*RECORD EXCERPTS*.
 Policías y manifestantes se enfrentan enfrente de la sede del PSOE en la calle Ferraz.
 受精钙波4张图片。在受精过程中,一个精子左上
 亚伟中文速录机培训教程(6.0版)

---

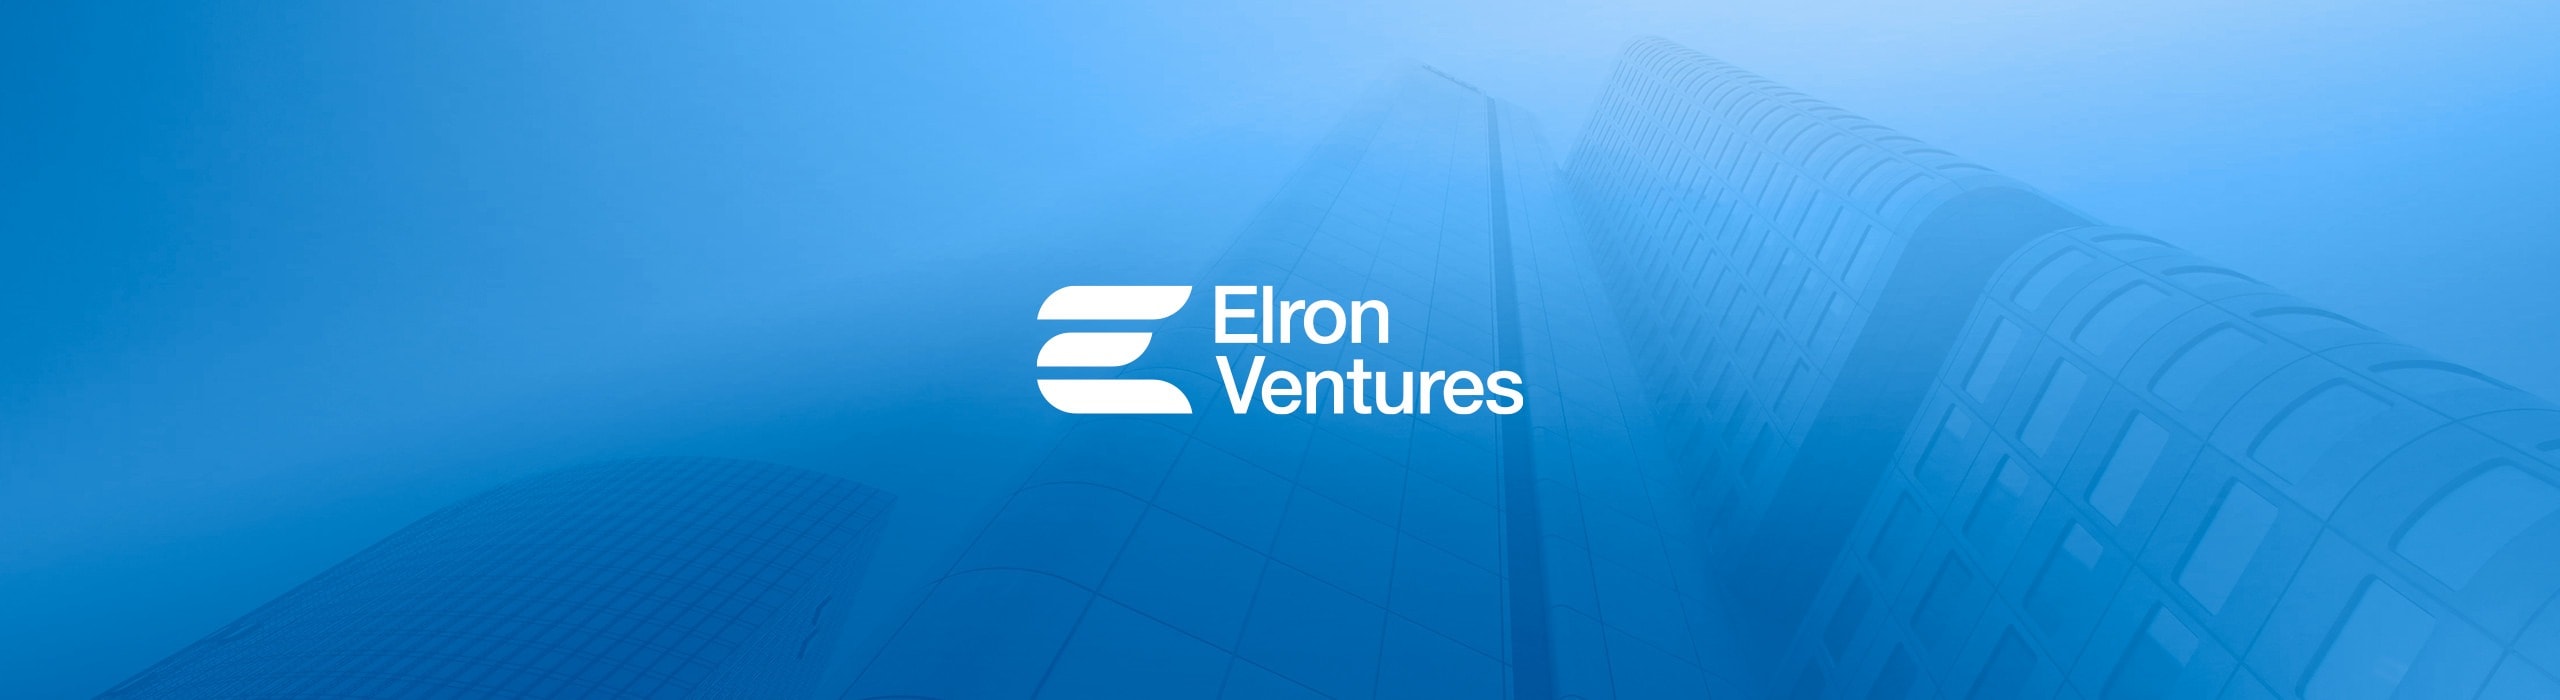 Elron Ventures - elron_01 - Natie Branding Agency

==

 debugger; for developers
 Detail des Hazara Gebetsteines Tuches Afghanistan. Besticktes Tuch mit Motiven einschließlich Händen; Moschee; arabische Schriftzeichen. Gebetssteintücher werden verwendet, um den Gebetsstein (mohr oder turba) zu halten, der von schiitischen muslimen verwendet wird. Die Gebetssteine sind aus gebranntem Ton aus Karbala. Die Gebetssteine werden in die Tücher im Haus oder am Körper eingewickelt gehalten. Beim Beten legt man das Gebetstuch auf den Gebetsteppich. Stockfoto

*EXERCISE*. Looking at the data above, write out exactly the lines that start at the one containing "Policías y manifestantes" and end at the one containing "亚伟中文速录机培训教程(6.0版)"; include both and nothing beyond.

*WRITTEN SOLUTION*.
 Policías y manifestantes se enfrentan enfrente de la sede del PSOE en la calle Ferraz.
 受精钙波4张图片。在受精过程中,一个精子左上
 亚伟中文速录机培训教程(6.0版)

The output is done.